Yui: A true friend and constant source of compassion and genuine goodiness. Your bright outlook is second only to your complete understanding of what needs to be said at the right place and time. Don't ever think yourself rude. I know you shy away sometimes. I like to hear what you have to say, because you actually have something to say. That's rare sometimes. You say things that need to be said. Don't ever stop. Be strong and I hope one day you find Mr. Day and Night. Until that time, may your dreams be sweet as fresh honey, and as spicy as a habanero peper. O-yasumi nasai. Ki o tsukete kudasai.

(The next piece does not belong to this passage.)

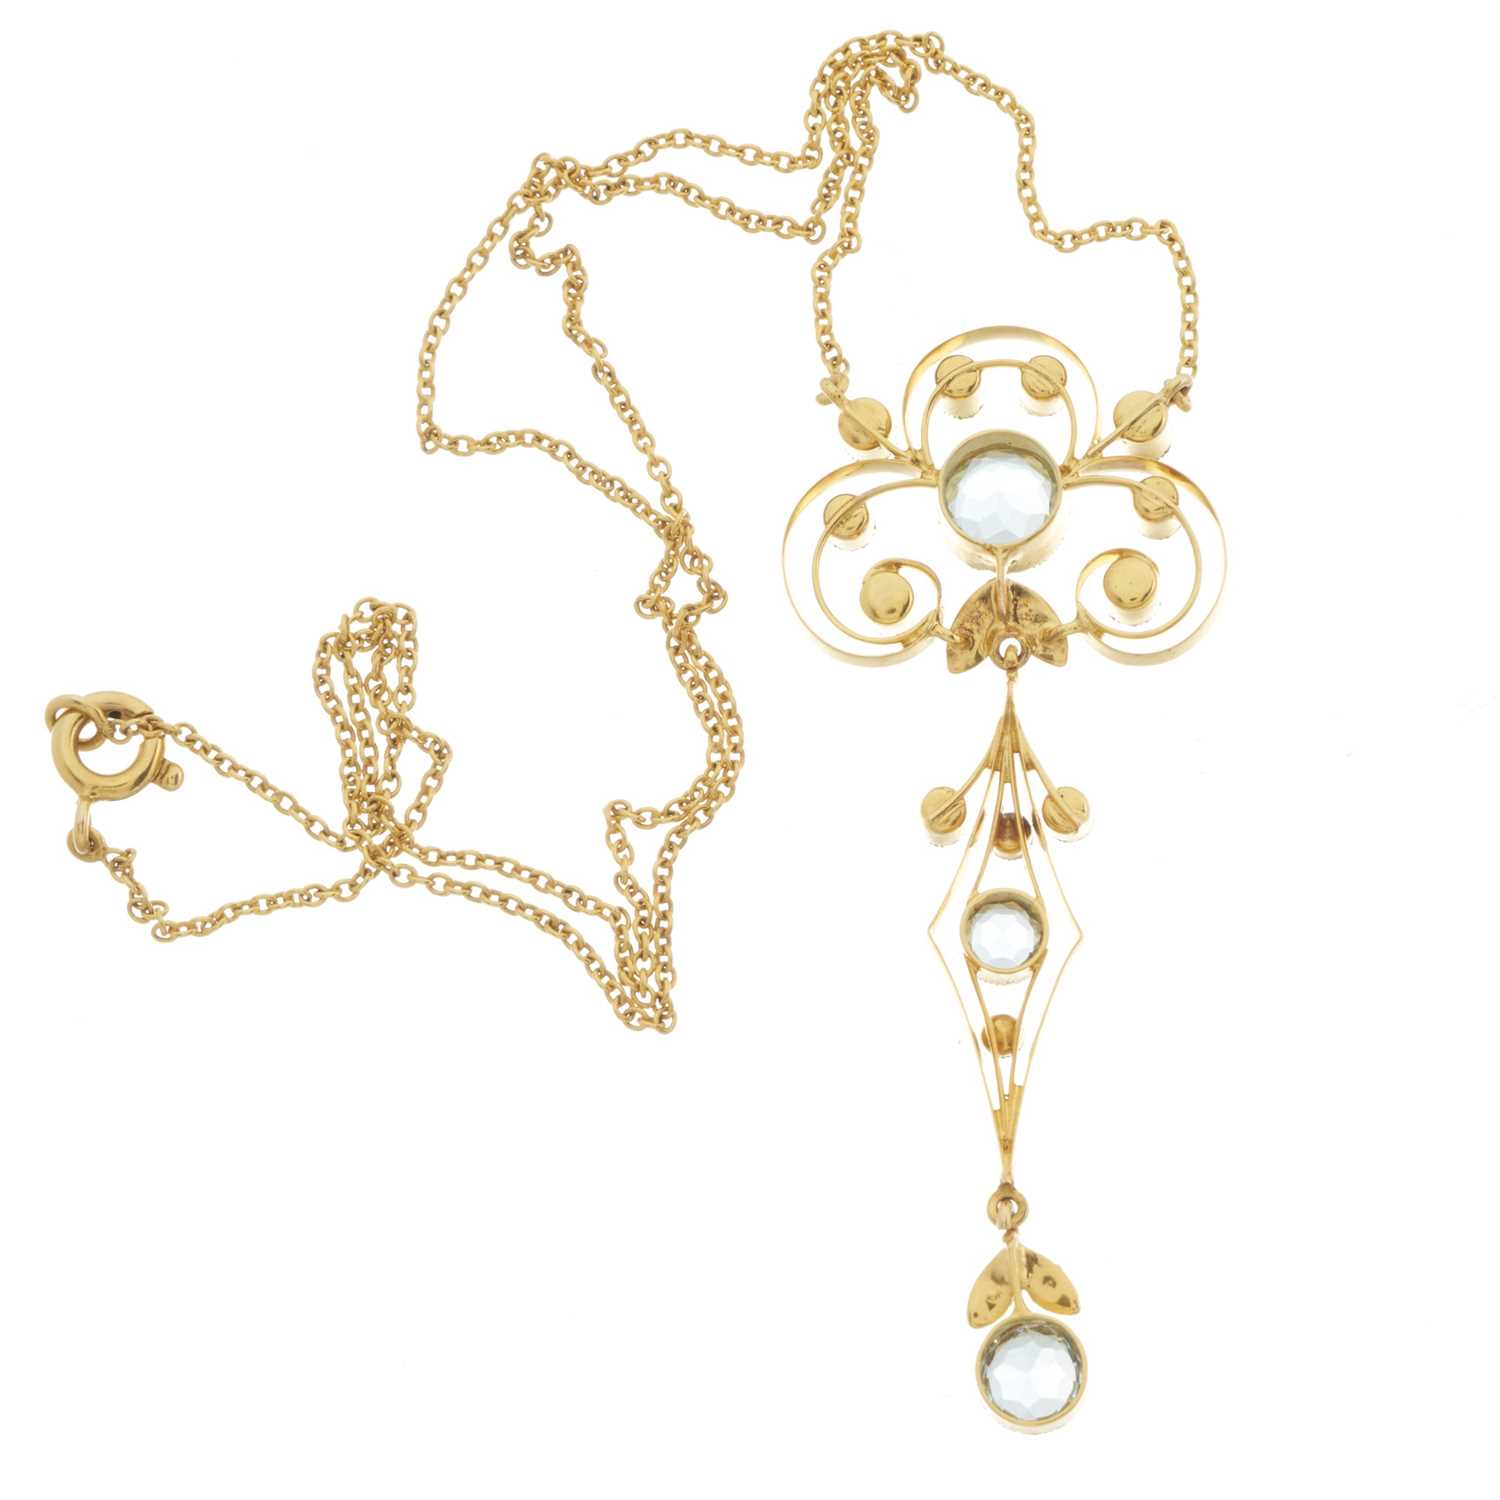 An Edwardian 18ct gold aquamarine and pearl openwork necklace - Image 2 of 2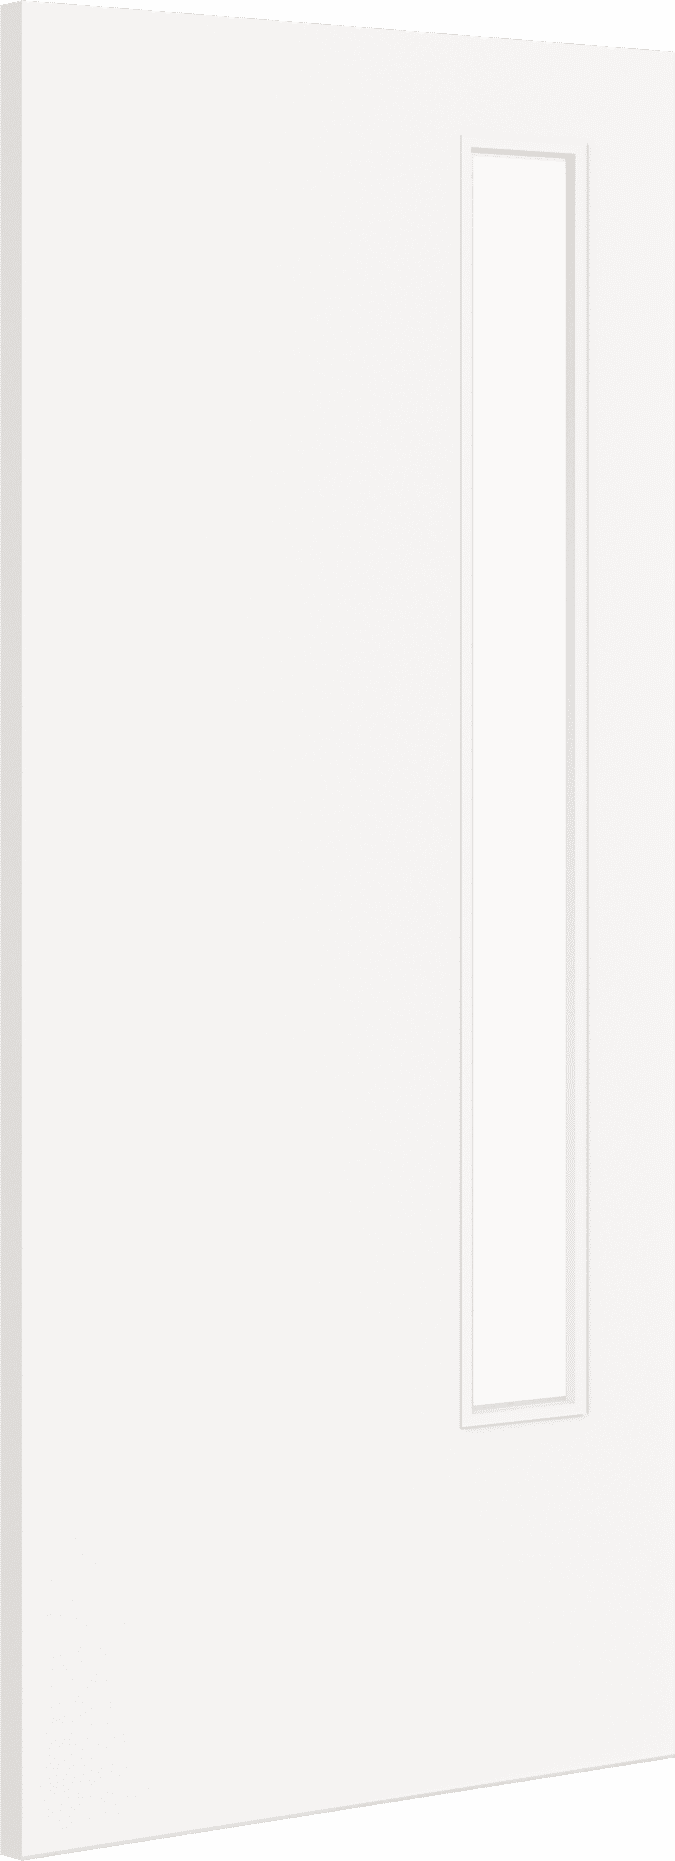 2040mm x 926mm x 44mm Architectural Paint Grade White 13 Clear Glazed Fire Door Blank

I'm sorry to those I left out. You all mean something special to me, but these things had to be said to these people. Time is running short and I fear the chance may not come around again. I had to let them know. Please understand. Why do I post this long post seemingly leading to nothing? Because I don't plan to come back here anymore. I had delusions of granduer that I would return when the time is right and settle back down with old friends and chat up a storm again. Laying back in my chair having fun and just shooting the breeze was the plan. But the best layed plans often go to waste, just has the time has. The night is here now. It's time to start my work and prepare for the road ahead. I have to pack my bags, metaphorically speaking, and get ready for a journey. This time, I'm not alone. I never was. I know that now. Friends...take care.


Pasha,

I just read the message you left in the Last thread and replayed to it. Thanks :kiss:

I wish you all the best my friend.

hugs,
Moonie
 
Rika

You know maybe this should have been left off the public forums. Maybe not every one involved wanted this announced to the whole world. Come to think of if, I think this isn't the first time you've brought a private matter to this forum and it pissed off other parties involved. Asking for help is fine, you want to announce that you're getting it, fine. But when a situation involves some one else, you really should consider if they would like it to be public knowledge before you go posting it. Just a thought.